IBM has announced “IBM Q”, an initiative to build commercially available universal quantum computing systems.
IBM has announced an industry-first initiative to build commercially available universal quantum computing systems. “IBM Q” systems and services will be delivered via the IBM Cloud platform. Current technologies that run on classical computers, such as Watson, can help to identify patterns and insights buried in vast amounts of existing data. By contrast, quantum computers will deliver solutions to important problems where patterns cannot be seen because the data doesn’t exist and the calculations needed to answer questions are too enormous to ever be processed by classical computers.
IBM is also launching a new Application Program Interface (API) for the “IBM Quantum Experience” enabling anyone with an Internet connection to use the quantum processor (via the Cloud) for running algorithms and experiments, working with individual quantum bits, and exploring tutorials and simulations of what might be possible with quantum computing. In the first half of 2017, IBM plans to release a full Software Development Kit (SDK) for users to build simple quantum applications and software programs.
“IBM has invested over decades to growing the field of quantum computing and we are committed to expanding access to quantum systems and their powerful capabilities for the science and business communities,” said Arvind Krishna, senior vice president of Hybrid Cloud and director for IBM Research. “Following Watson and blockchain, we believe that quantum computing will provide the next powerful set of services delivered via the IBM Cloud platform, and promises to be the next major technology that has the potential to drive a new era of innovation across industries.”

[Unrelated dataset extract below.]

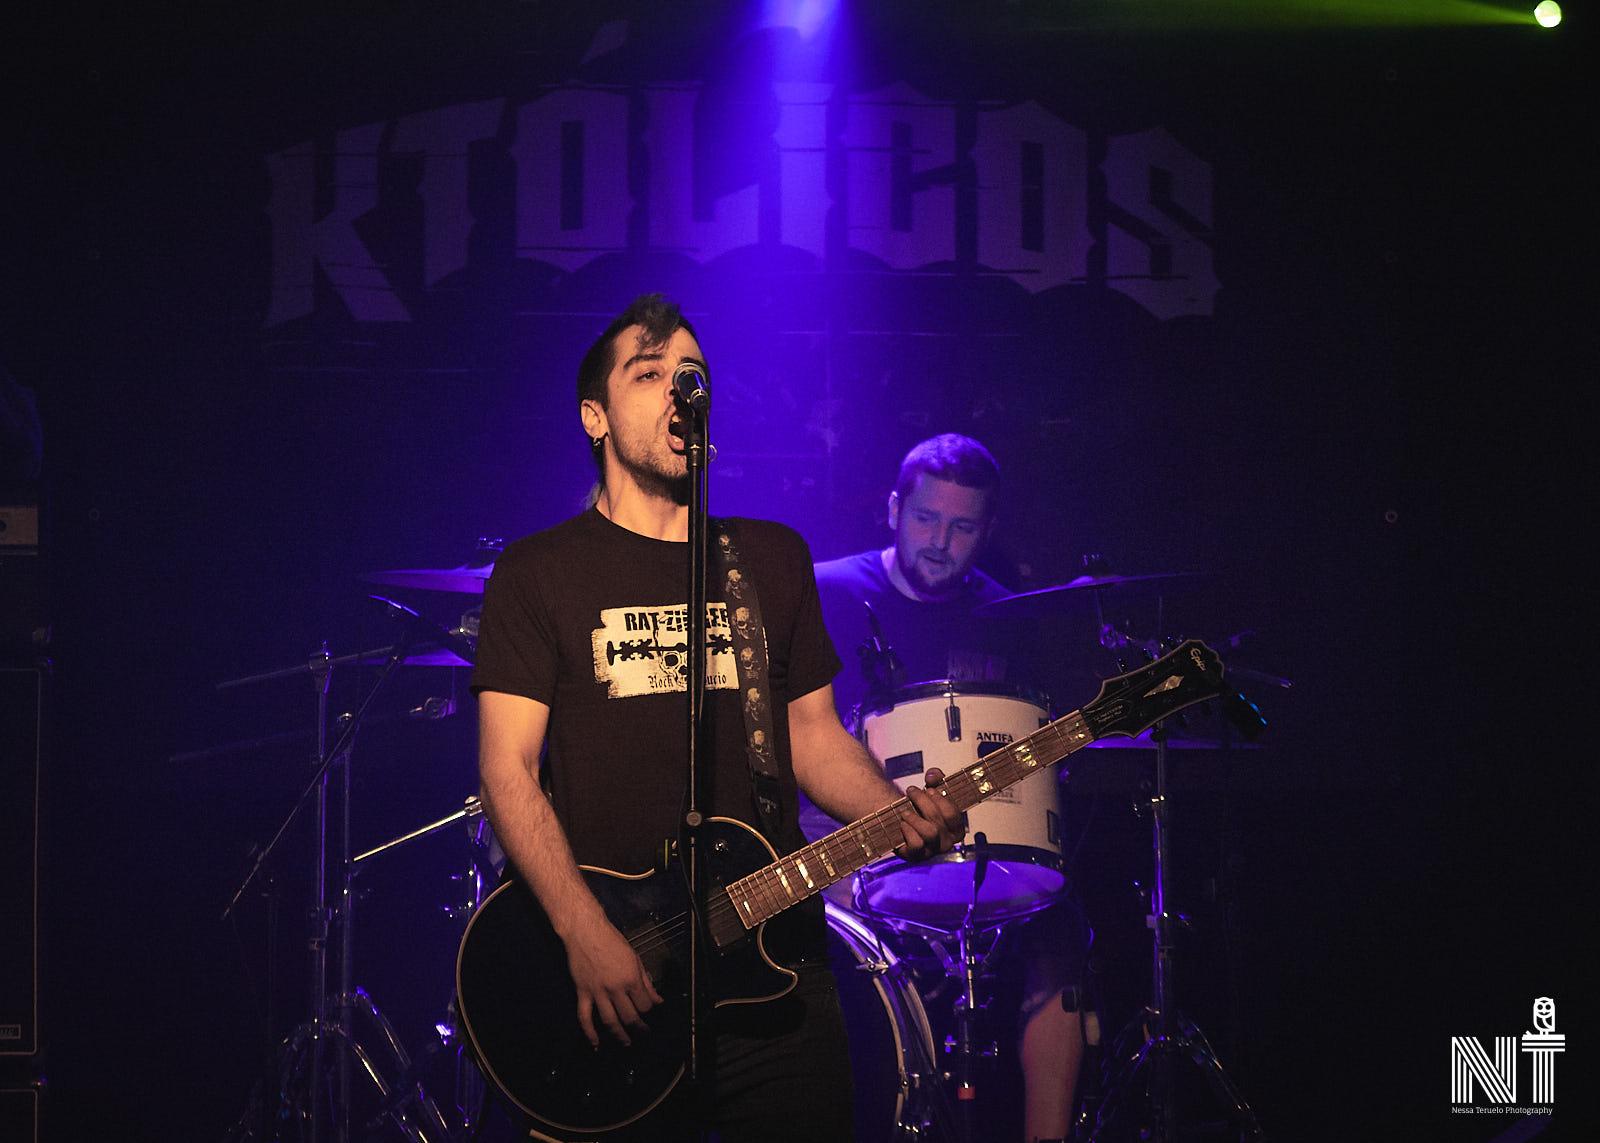 KTOLICOS_98 1.jpg
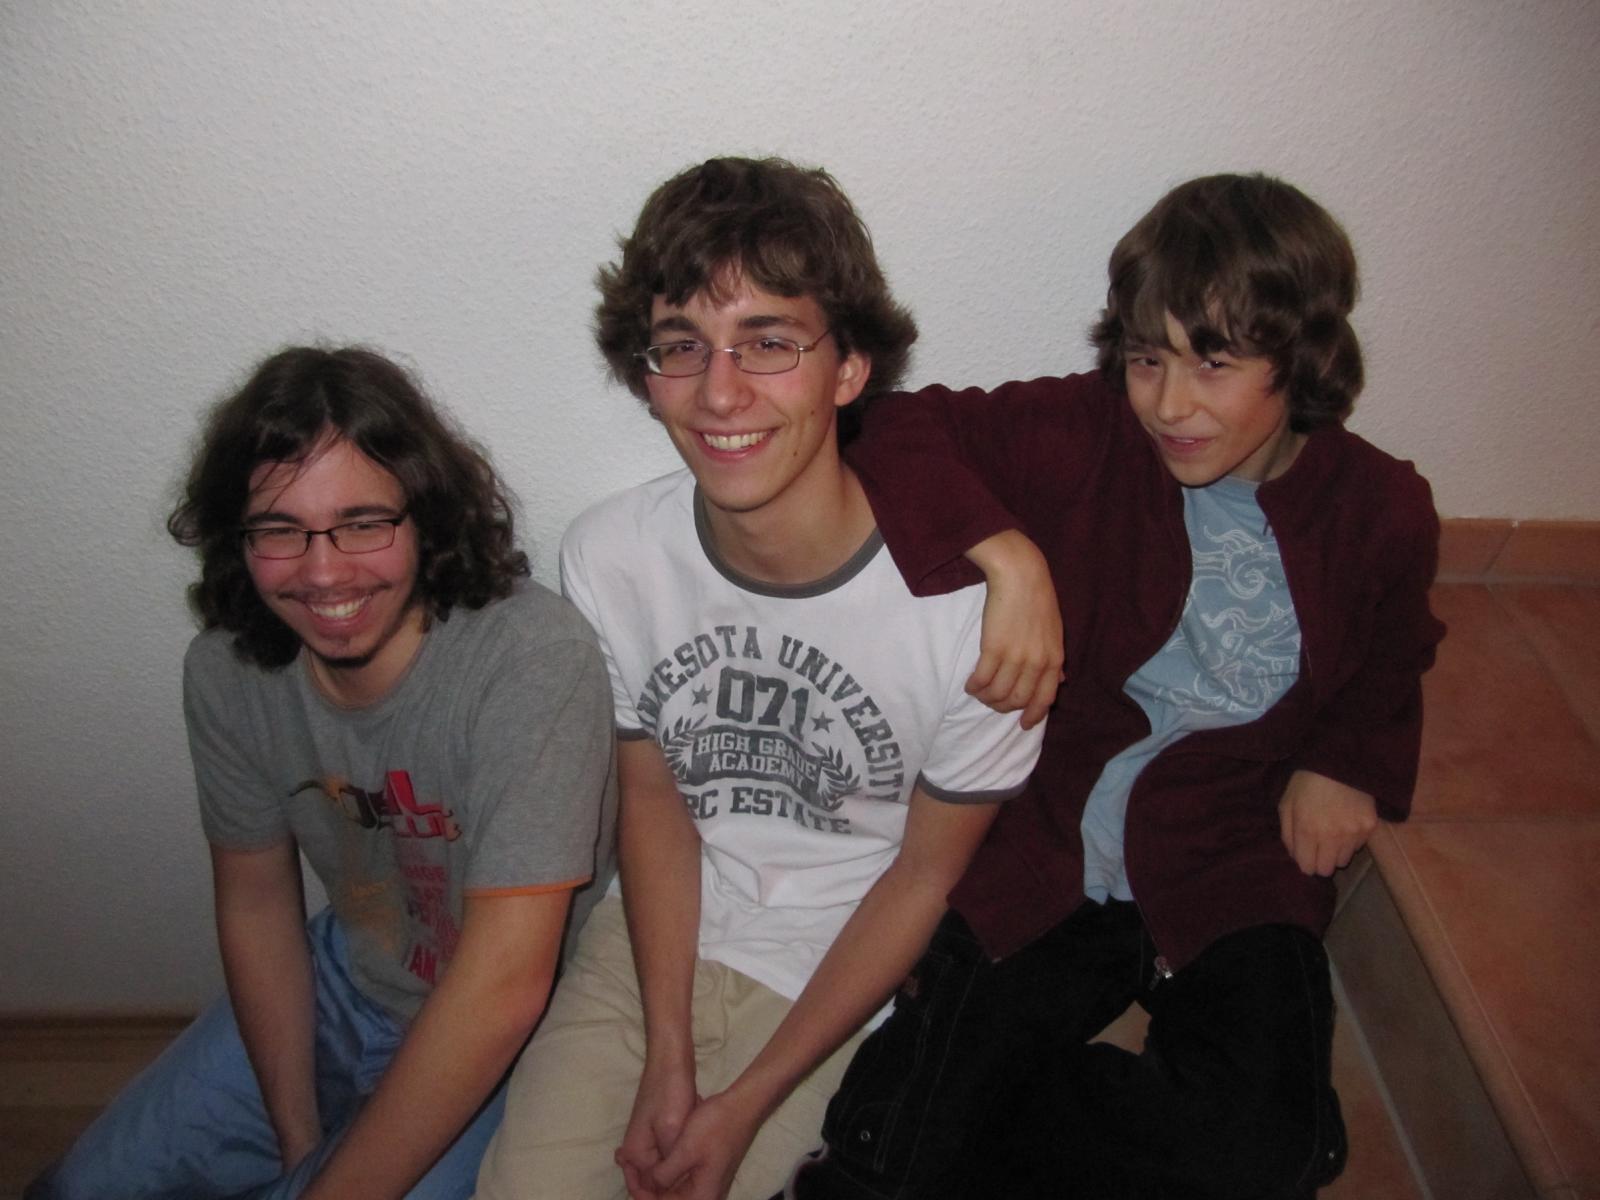 alle drei Jungs

IBM intends to build IBM Q systems to expand the application domain of quantum computing. A key metric will be the power of a quantum computer expressed by the “Quantum Volume” – which includes the number of qubits, quality of operations, connectivity and parallelism. As a first step to increasing Quantum Volume, IBM aims to build commercial IBM Q systems with around 50 qubits in the next few years to demonstrate capabilities beyond today’s classical systems and plans to collaborate with key industry partners to develop applications that exploit the quantum speedup of the systems.
IBM Q systems will be designed to tackle problems that are currently too complex and exponential in nature for classical computing systems to handle. One of the first and most promising applications will be in the area of chemistry. Even for simple molecules like caffeine, the number of quantum states in the molecule can be astoundingly large; so complex that all the conventional computing memory and processing power scientists could ever build could not handle the problem.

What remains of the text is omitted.